I don’t expect a high degree of technical knowledge on the internet but deadlifting not a leg exercise? That’s like saying the pull up is used primarily to train the grip?? Please??
[quote]LiveFromThe781 wrote:
danchubb wrote:
Holy shit what the hell is going on in this thread. Deadlifts, as has been said before, use the WHOLE posterior chain. Yes, glutes and hamstrings are involved, and yes as they insert into the joints that are MOVING, they tend to be considered PRIME MOVERS.
And romanian deadlifts emphasize hamstrings MORE, as you are getting huge hip extension.
And will someone please explain how the hamstrings ONLY work in the eccentric portion? Like, what? They aren’t used on the way up at all, but they magically take over the lift on the way down? Do goodmornings not work the hamstrings as well?
This is unbelievable.
you understand that a GM is the same movement as a RDL with different bar placement…right?
[/quote]
Thanks for responding to the rest of the points raised. The more important ones.
[quote]LiveFromThe781 wrote:
i must be doing something wrong then.
because i get no glute or quad DOMS when i deadlift
but i get glute DOMS when i leg press
and while i do get DOMS in my hams from RDLing
i also get DOMS in my back, especially traps.
i guess your guys’ lower bodies start right below the chest[/quote]
?
DOMS? really?
This has nothing to do with DOMS. I got DOMS in my mid back when I first started benching, does that make the bench press a back exercise?
Muscles that contribute in an exercise may be stimulated to the point of soreness if they aren’t adapted to that exercise; it doesn’t make them prime movers.
Just as the bench is considered a chest/tri/delt exercise, the DL is a lower body movement, because those are the muscles that are doing most of the work. If you use them to stimulate growth or what not in your traps, mid back, grip etc, great, just don’t categorize the exercise as such.
[quote]stockzy wrote:
LiveFromThe781 wrote:
just out of curiosity, what do you deadlift? im hoping the guy saying i shouldnt be allowed out of the play pen is at least stronger than me
170kg 3 weeks ago, 85kg bodyweight. That’s like asking another racecar driver what’s his fastest time when he doesn’t know how the wheels end up turning.
I don’t expect a high degree of technical knowledge on the internet but deadlifting not a leg exercise? That’s like saying the pull up is used primarily to train the grip?? Please??[/quote]
you have a 370x3
i have a 455x7
i deadlift nearly 100 pounds more than you for double the reps.

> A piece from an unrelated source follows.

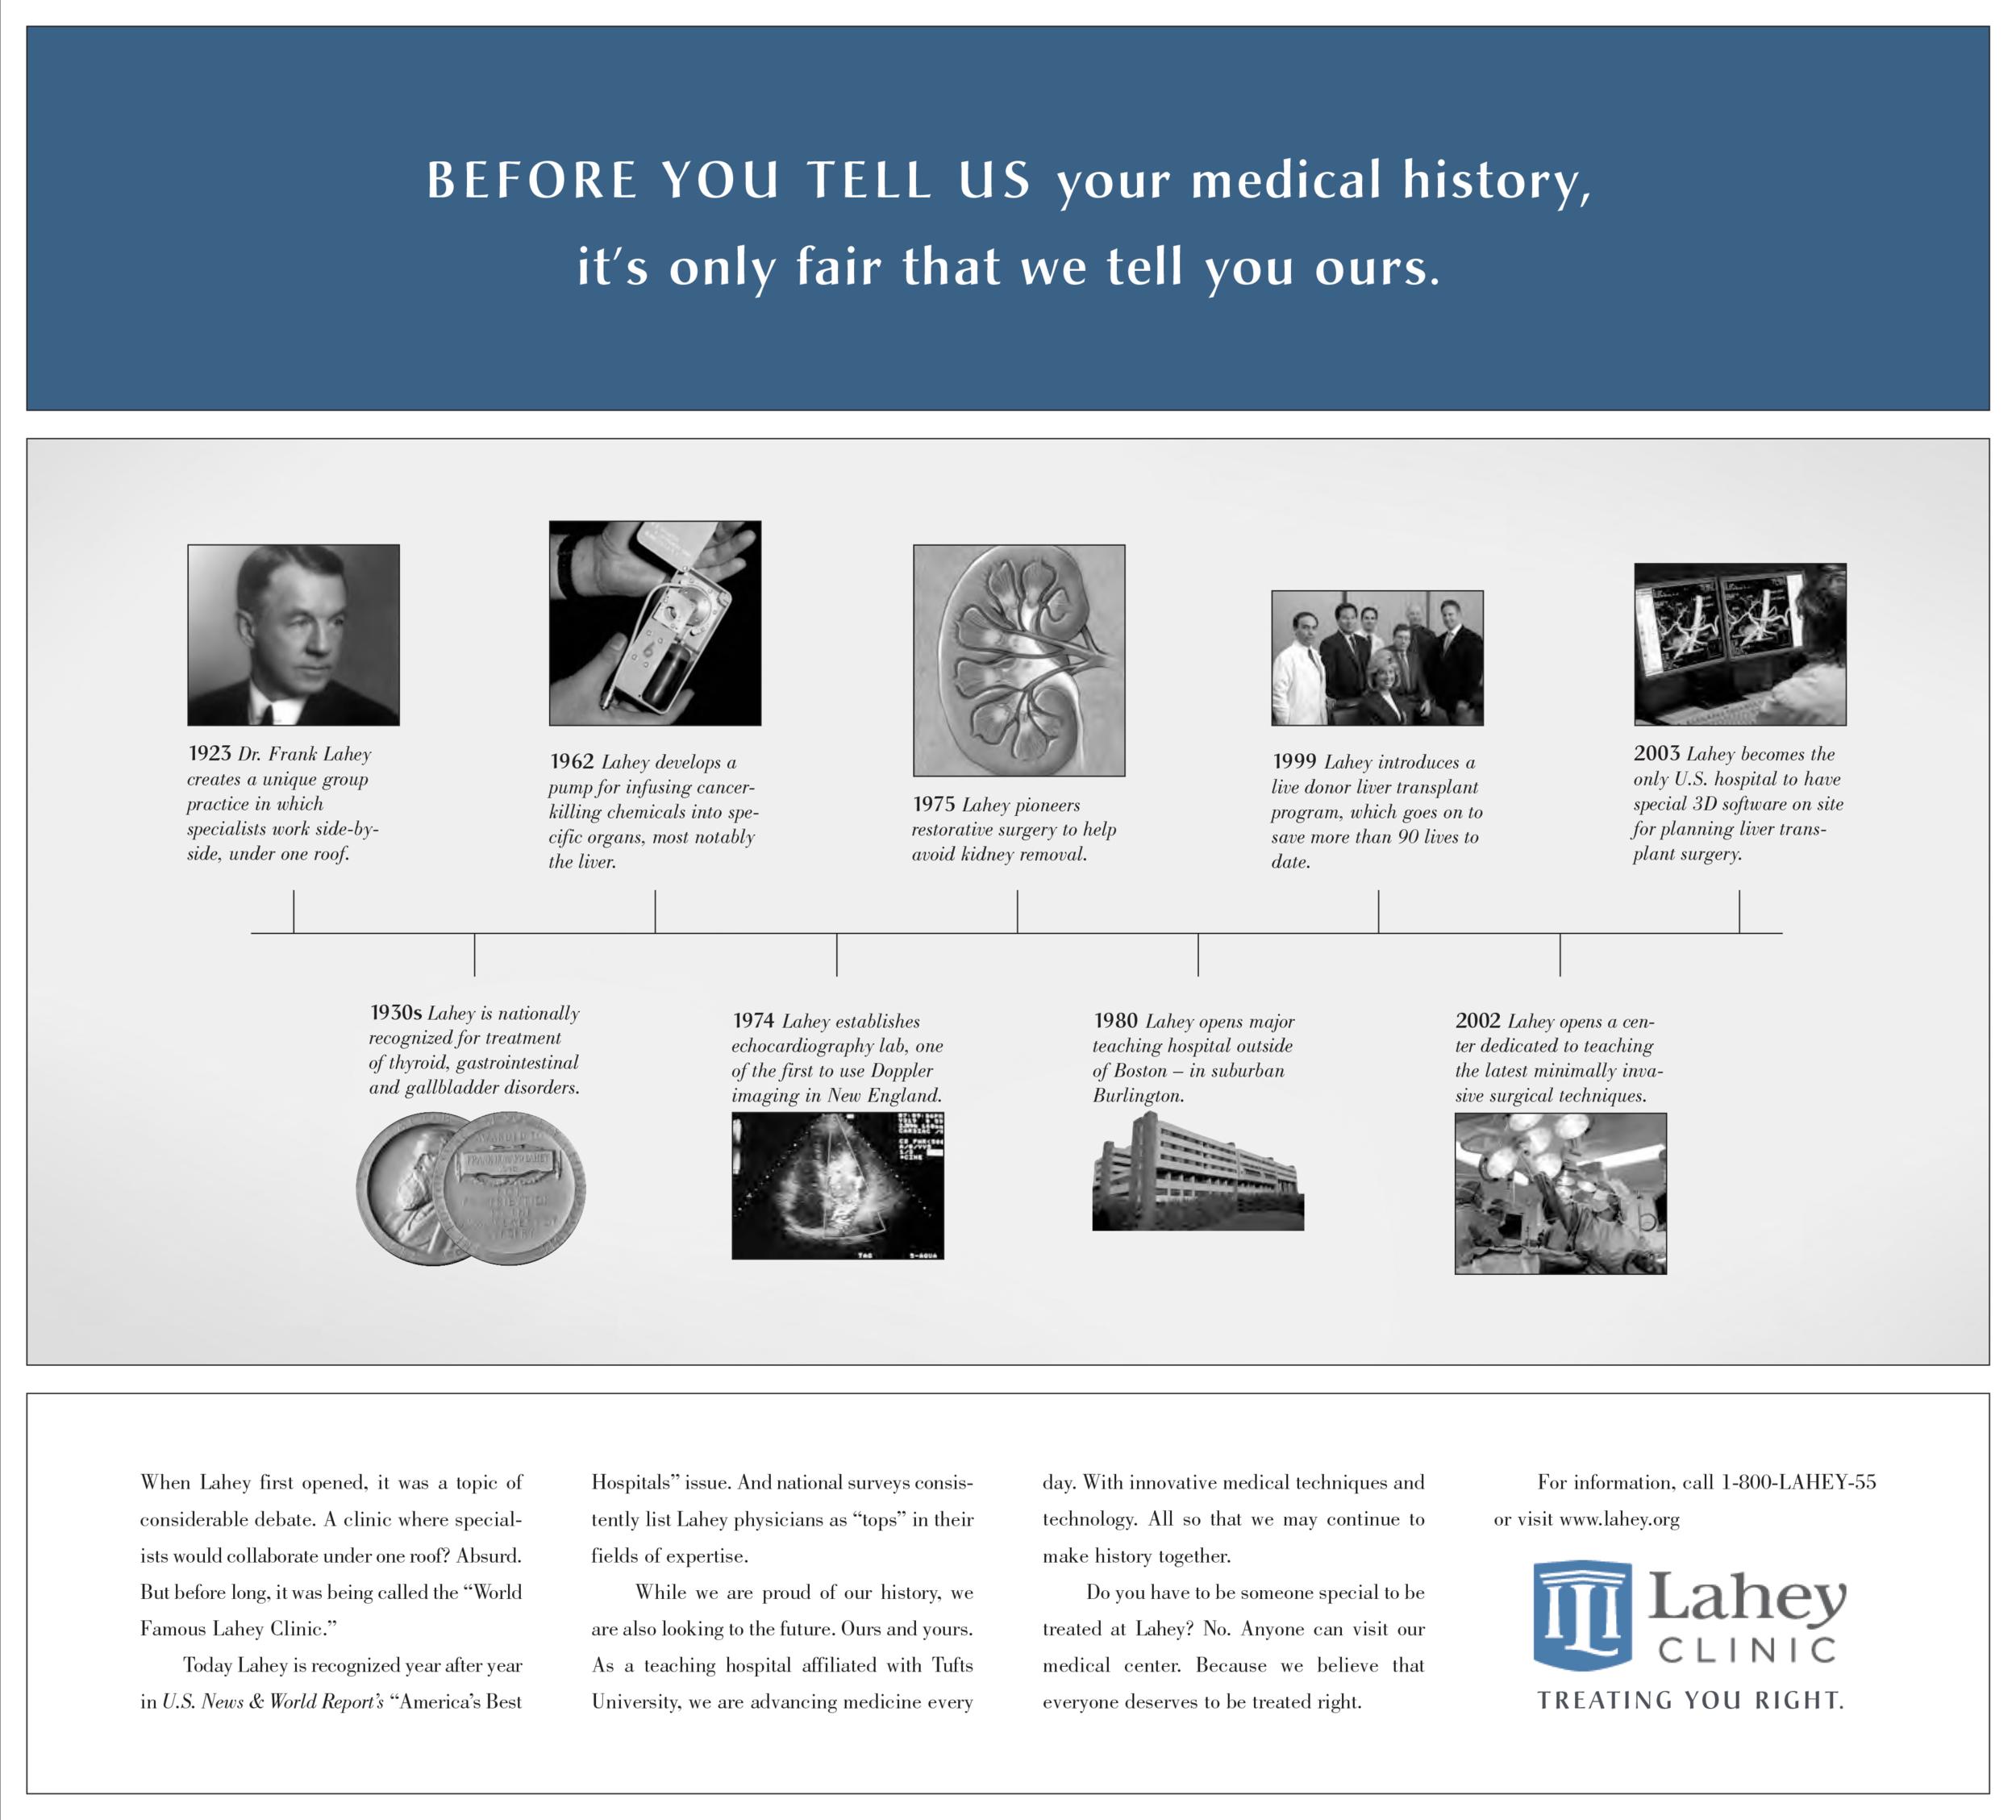 Lahey Bona Fide medical history timeline

idk, maybe the guy who deadlifts on back day has a stronger deadlift for a reason?
and how the fuck do you lift a weight back up with your hamstrings? i didnt know muscles could change their functionality whenever convenient for internet posters.
ok… recap, this is definately not a good idea at least for me if you don’t have a day of rest between the barbell rows and deadlifts… my back is a little fucked up fight now because of it.

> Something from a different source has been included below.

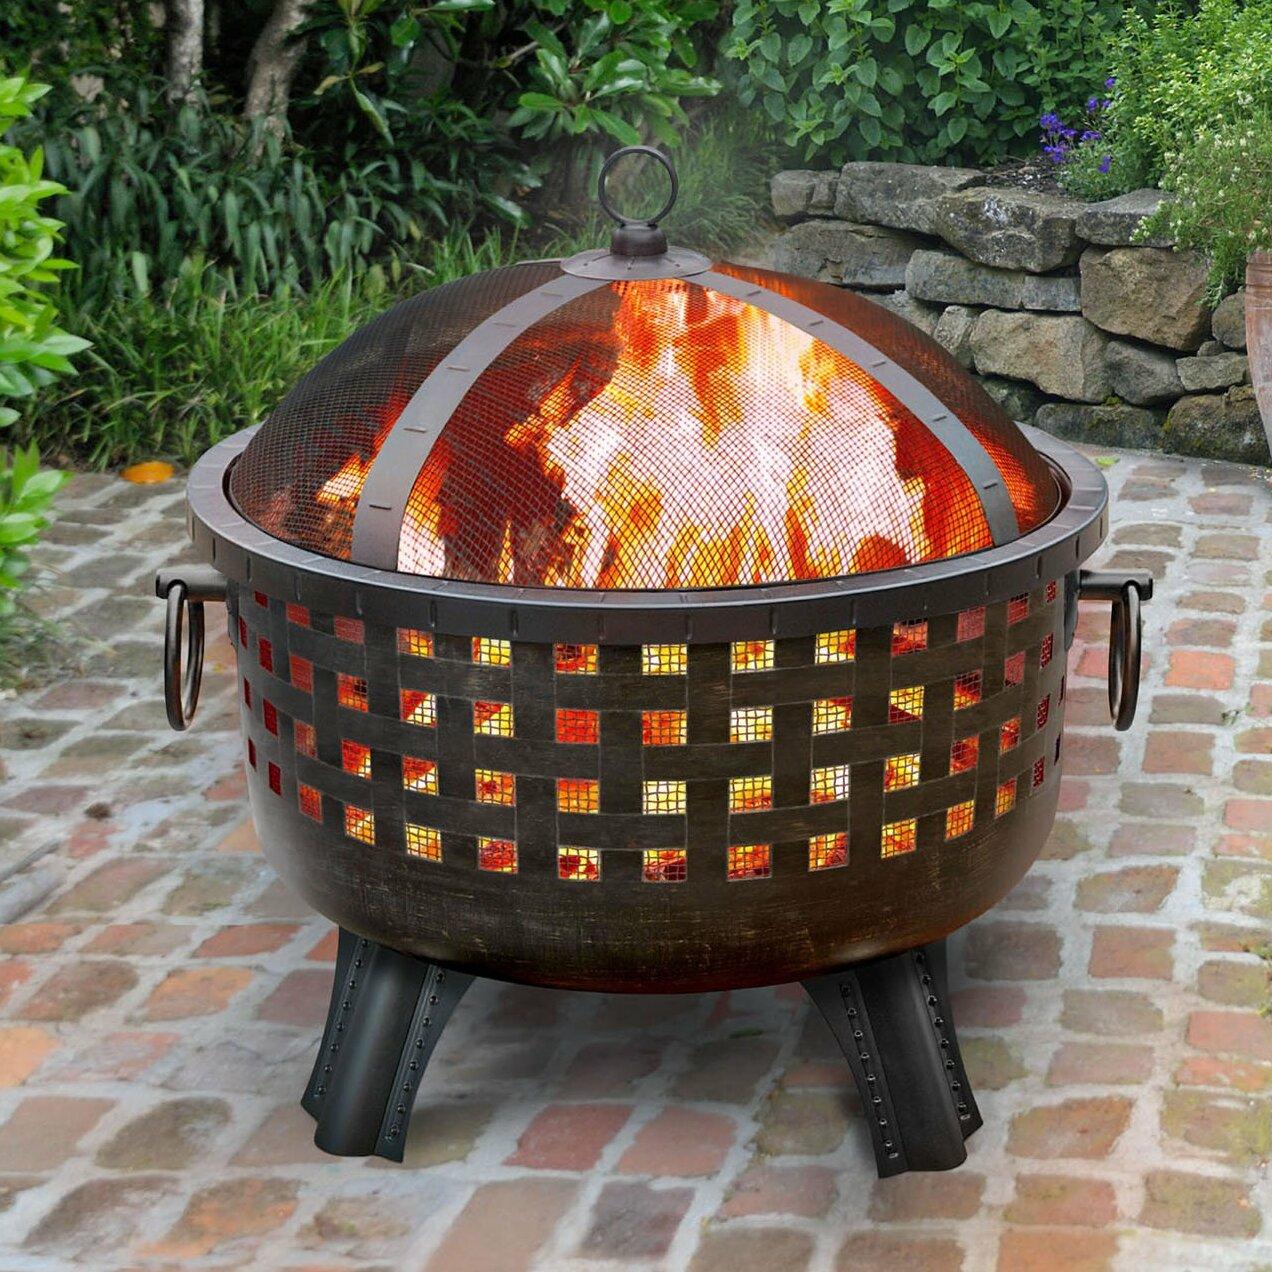 Wayfair | Landmann Garden Lights Savannah Wood Burning Fire Pit

[quote]LiveFromThe781 wrote:
stockzy wrote:
LiveFromThe781 wrote:
just out of curiosity, what do you deadlift? im hoping the guy saying i shouldnt be allowed out of the play pen is at least stronger than me
170kg 3 weeks ago, 85kg bodyweight. That’s like asking another racecar driver what’s his fastest time when he doesn’t know how the wheels end up turning.
I don’t expect a high degree of technical knowledge on the internet but deadlifting not a leg exercise? That’s like saying the pull up is used primarily to train the grip?? Please??
you have a 370x3
i have a 455x7
i deadlift nearly 100 pounds more than you for double the reps.

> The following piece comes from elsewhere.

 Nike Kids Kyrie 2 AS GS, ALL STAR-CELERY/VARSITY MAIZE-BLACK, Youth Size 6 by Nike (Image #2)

idk, maybe the guy who deadlifts on back day has a stronger deadlift for a reason?
and how the fuck do you lift a weight back up with your hamstrings? i didnt know muscles could change their functionality whenever convenient for internet posters.[/quote]
Try a wide stance squat… guaranteed you use your hamstrings. Why do you think powerlifters want hamstrings that are strong as fuck…to stabilize??? No, they do it because your posterior chain is a hell of a lot more muscle then say your quads. And who fucking cares what you can deadlift if you have shitty form, one of the top deadlifters in our gym pulls 700 and when he came to us his form was atrocious…but his back was one strong mother. We’ve spent the past six months retooling his deadlift so he actually gets leg drive instead of performing a stiff legged deadlift. And the whole thing about back DOMS and benching. Every time after benching my back is sore as hell, it’s what happens when you stay tight. Does that mean my lats are a primary mover in the bench…no.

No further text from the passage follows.